**EXERCISE GOAL**
The expected output is an exact copy of each line from the line with "2 Switchblade Selfeed Bit 48-25-5135 No" through the end of the data below, with no pictures in it.

**RECORDED DATA**

•••

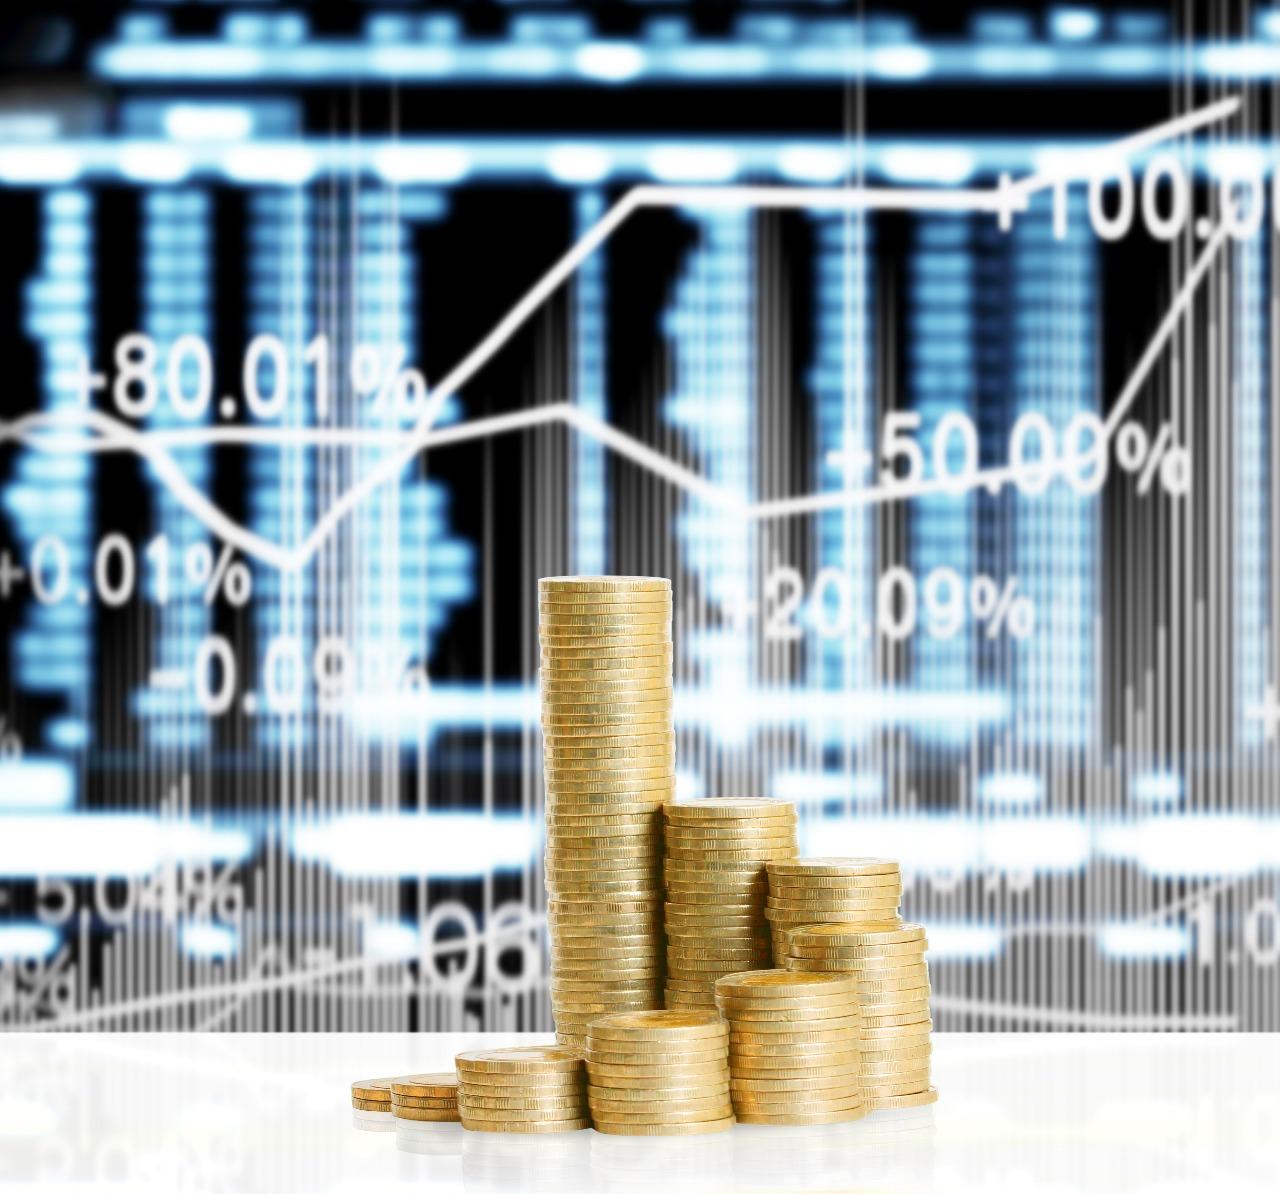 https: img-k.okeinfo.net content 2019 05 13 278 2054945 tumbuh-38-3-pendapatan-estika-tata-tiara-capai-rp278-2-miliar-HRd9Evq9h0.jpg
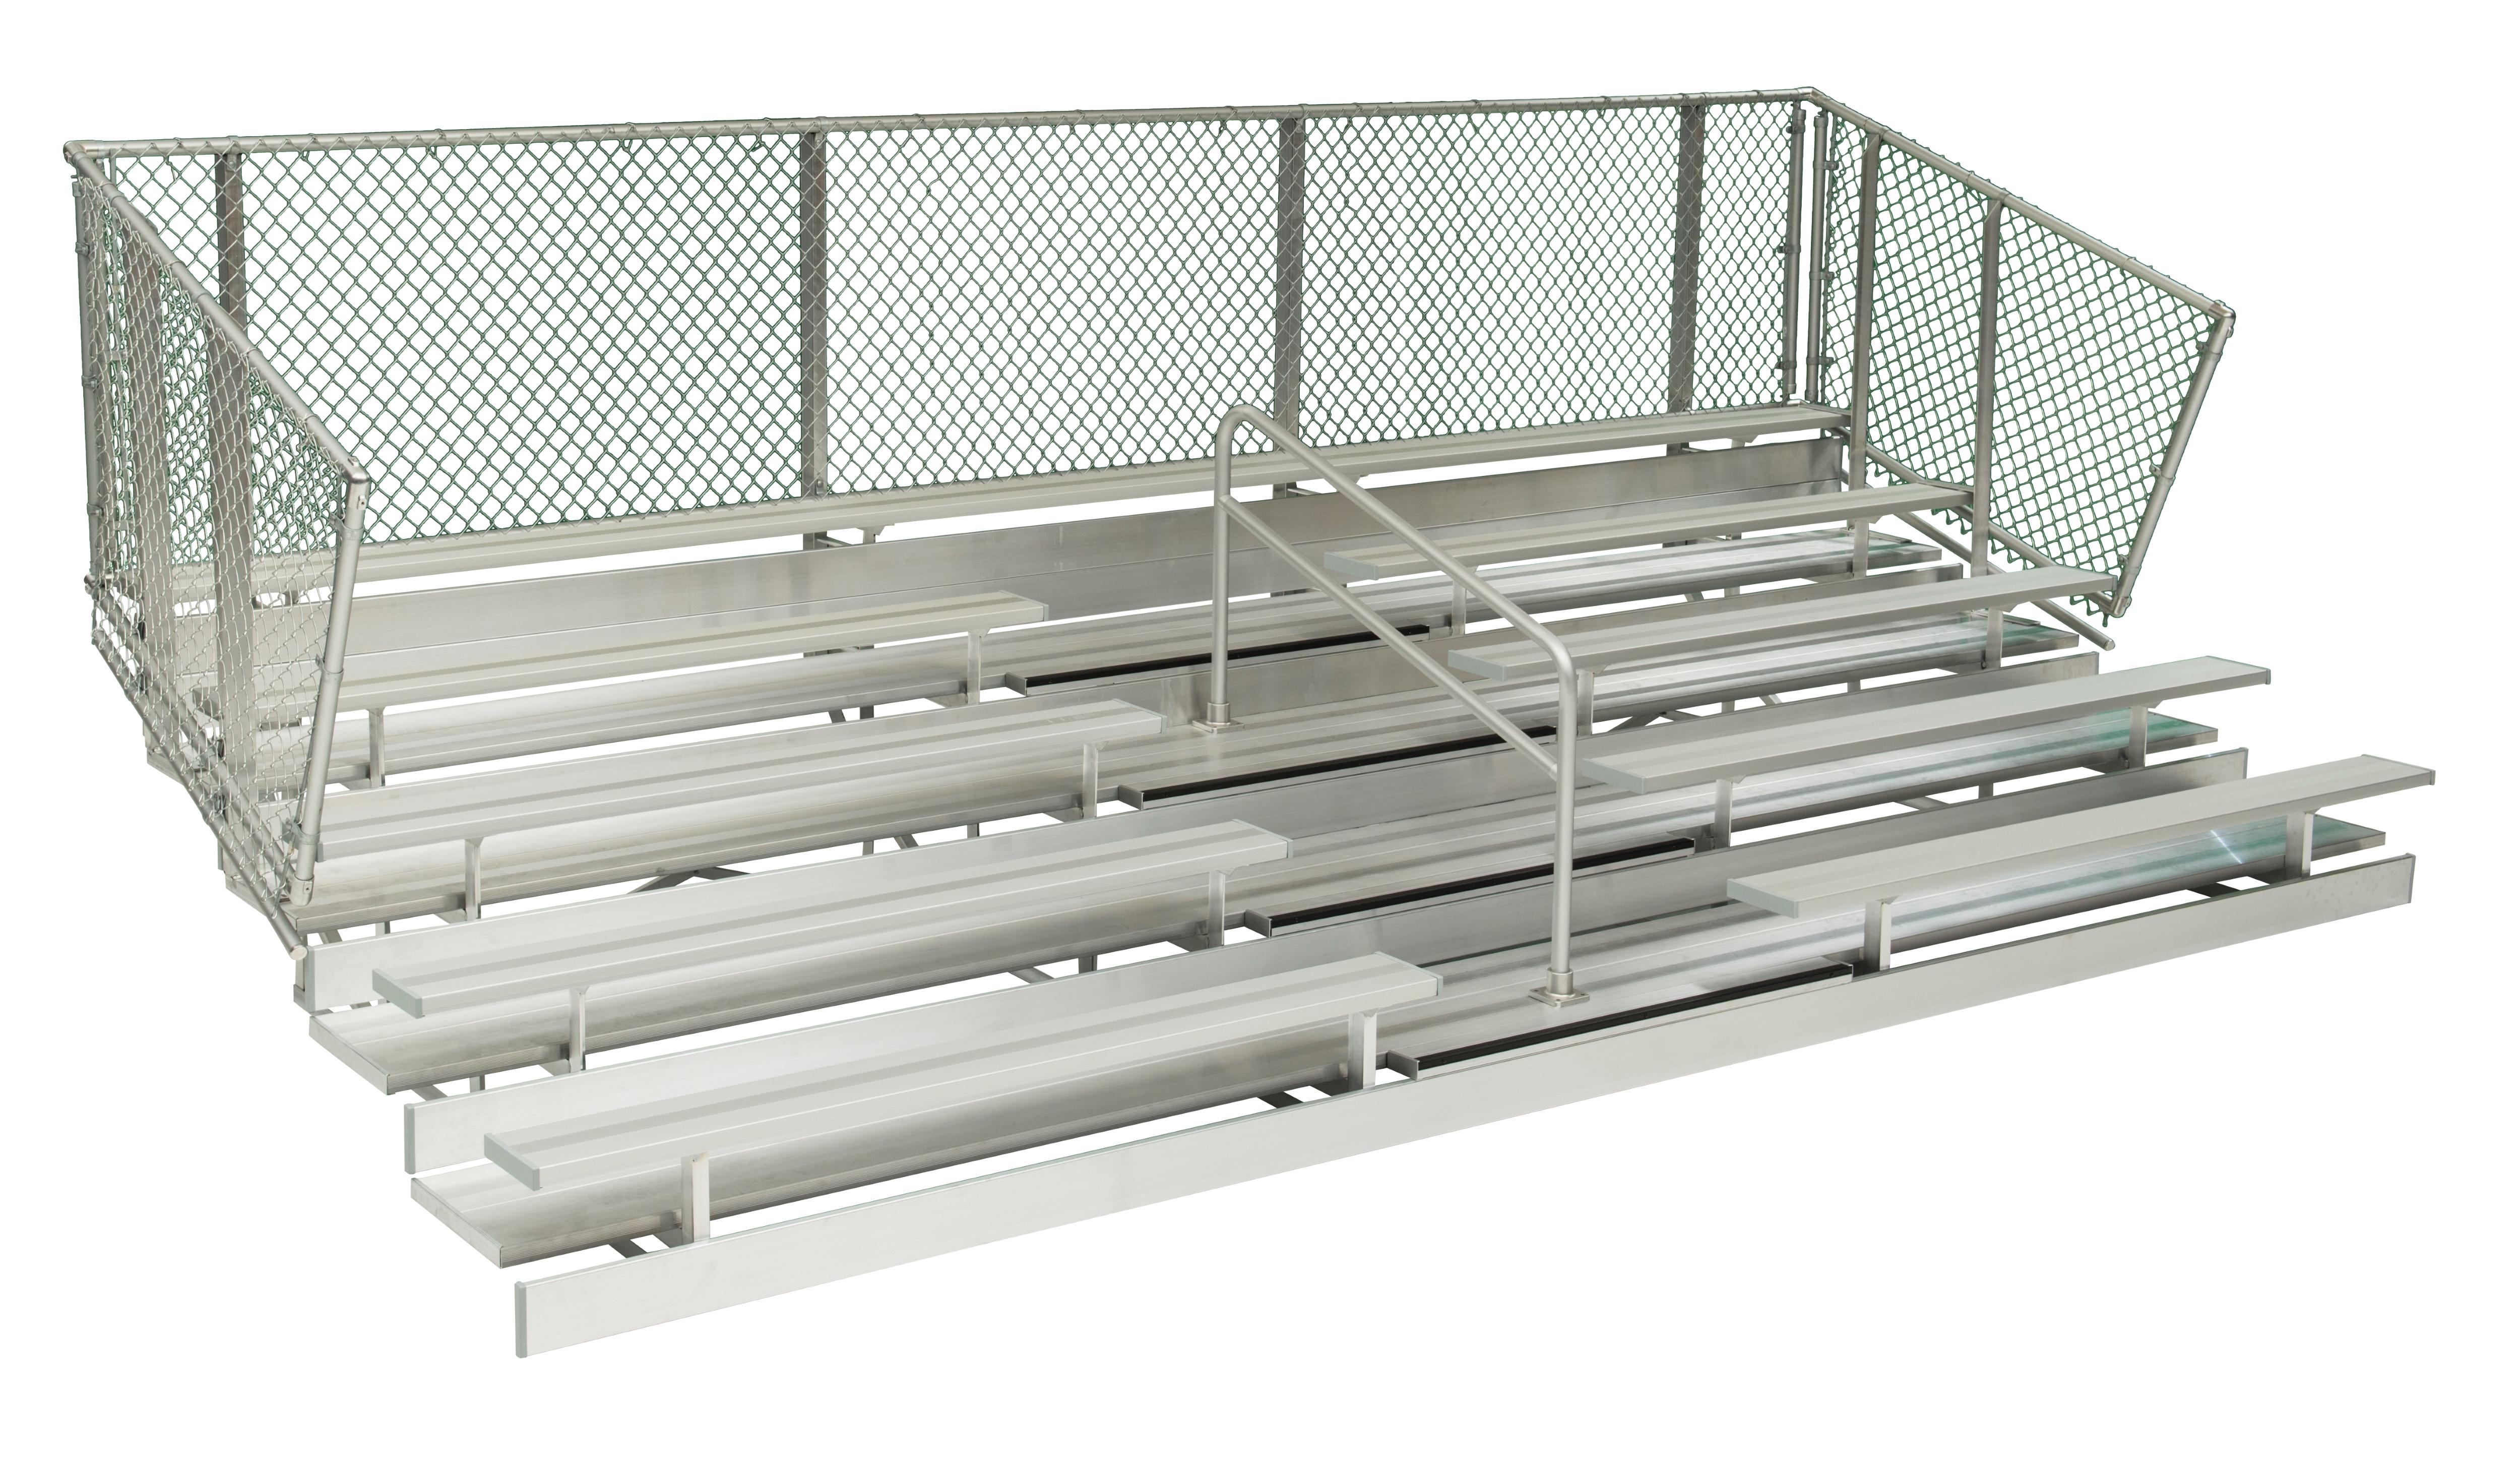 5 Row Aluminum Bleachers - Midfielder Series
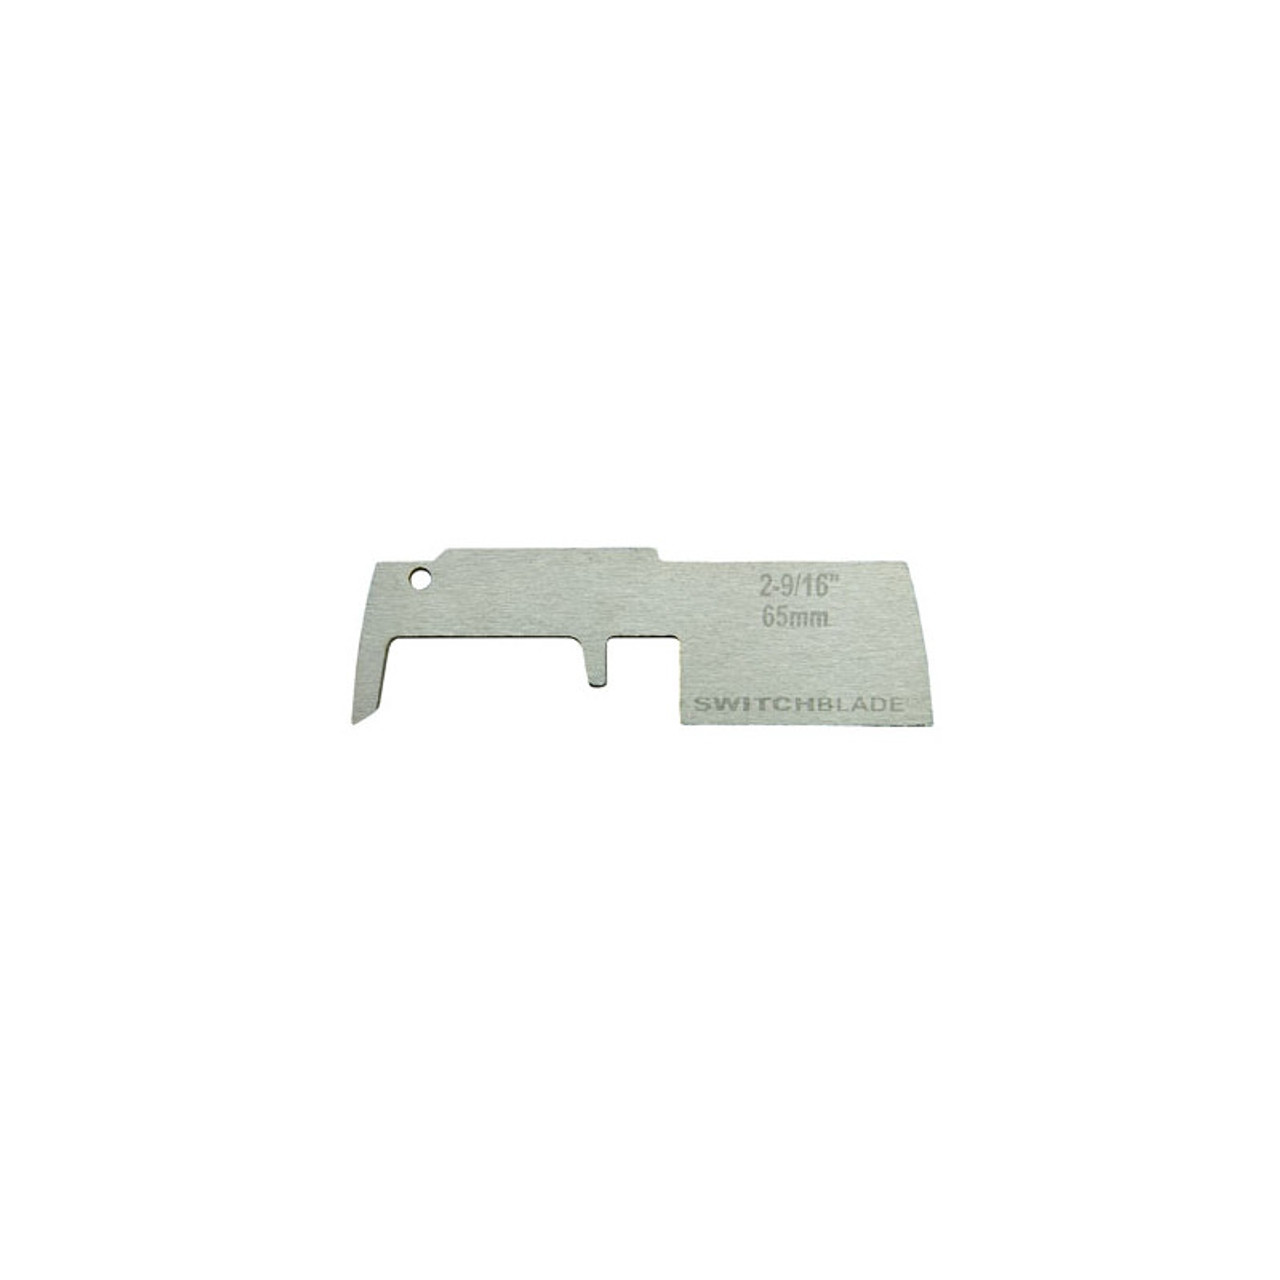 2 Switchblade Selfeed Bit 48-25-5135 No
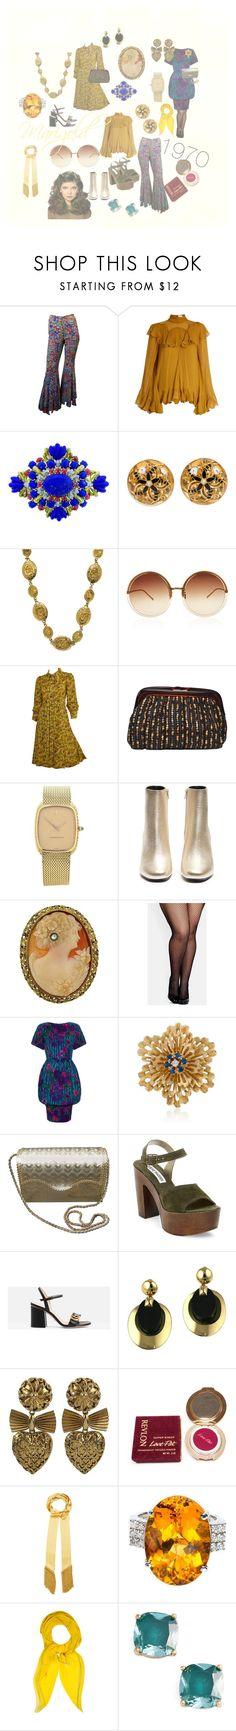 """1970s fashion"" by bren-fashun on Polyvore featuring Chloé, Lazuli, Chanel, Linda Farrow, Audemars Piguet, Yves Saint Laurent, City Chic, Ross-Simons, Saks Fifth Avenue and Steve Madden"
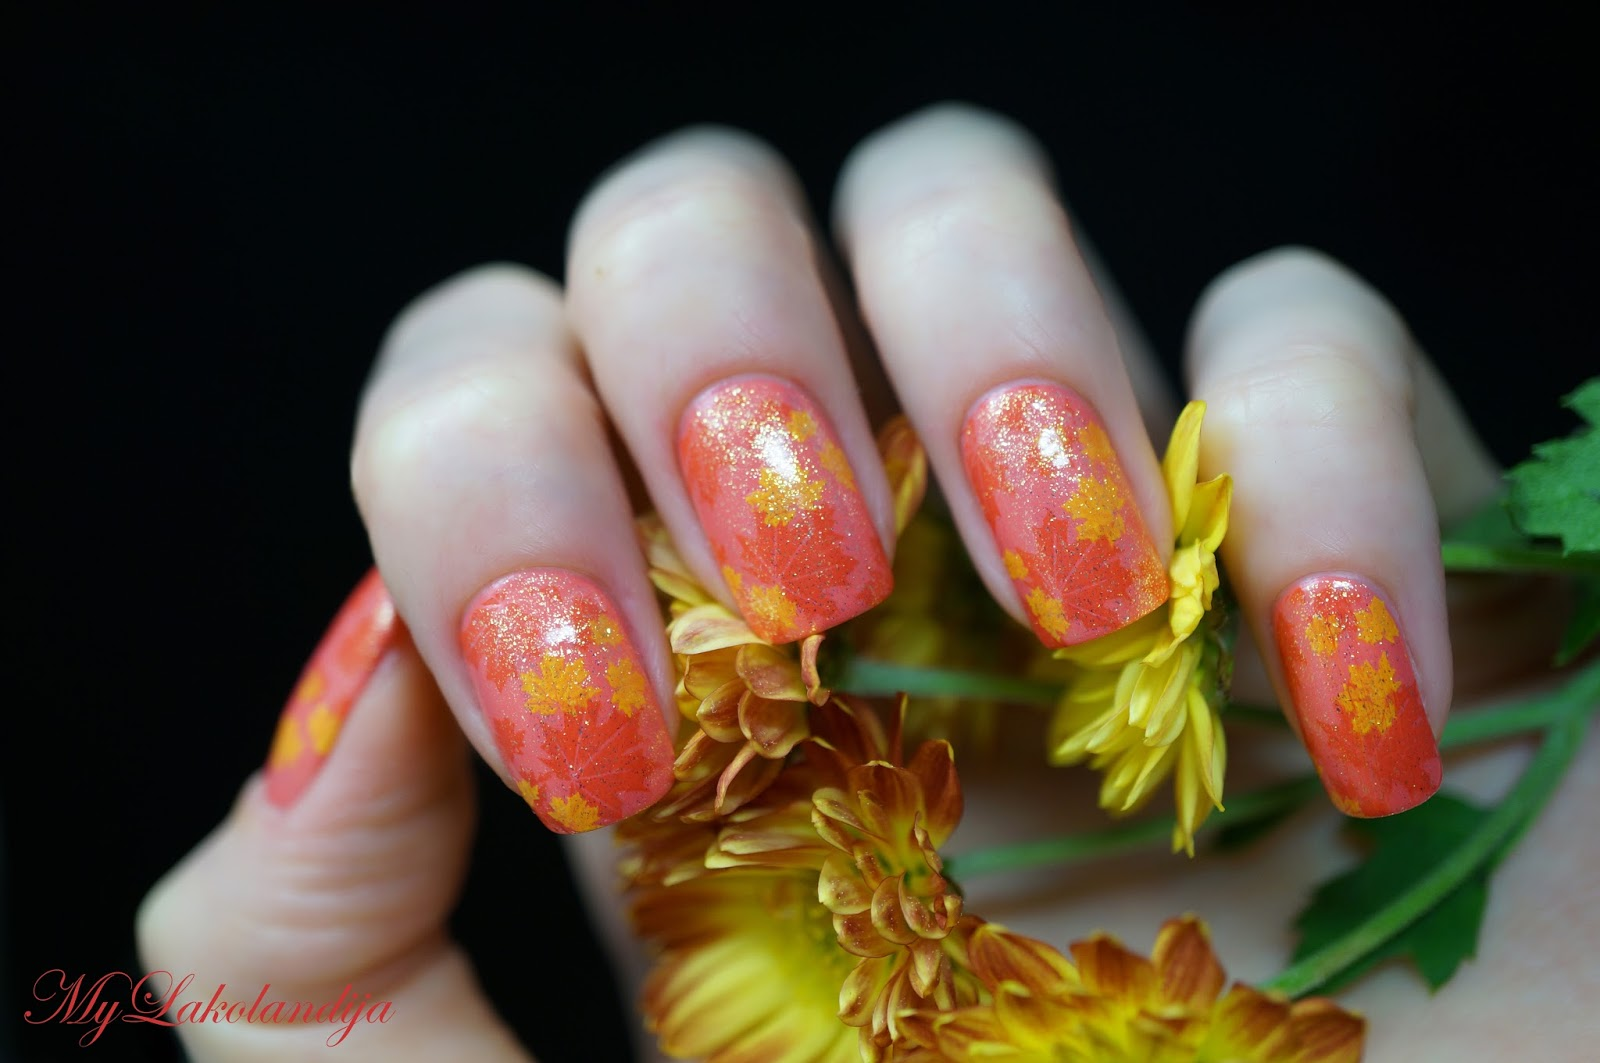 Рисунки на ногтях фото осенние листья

•••

**TASK RESPONSE**
 2 Switchblade Selfeed Bit 48-25-5135 No
 """1970s fashion"" by bren-fashun on Polyvore featuring Chloé, Lazuli, Chanel, Linda Farrow, Audemars Piguet, Yves Saint Laurent, City Chic, Ross-Simons, Saks Fifth Avenue and Steve Madden"
 Рисунки на ногтях фото осенние листья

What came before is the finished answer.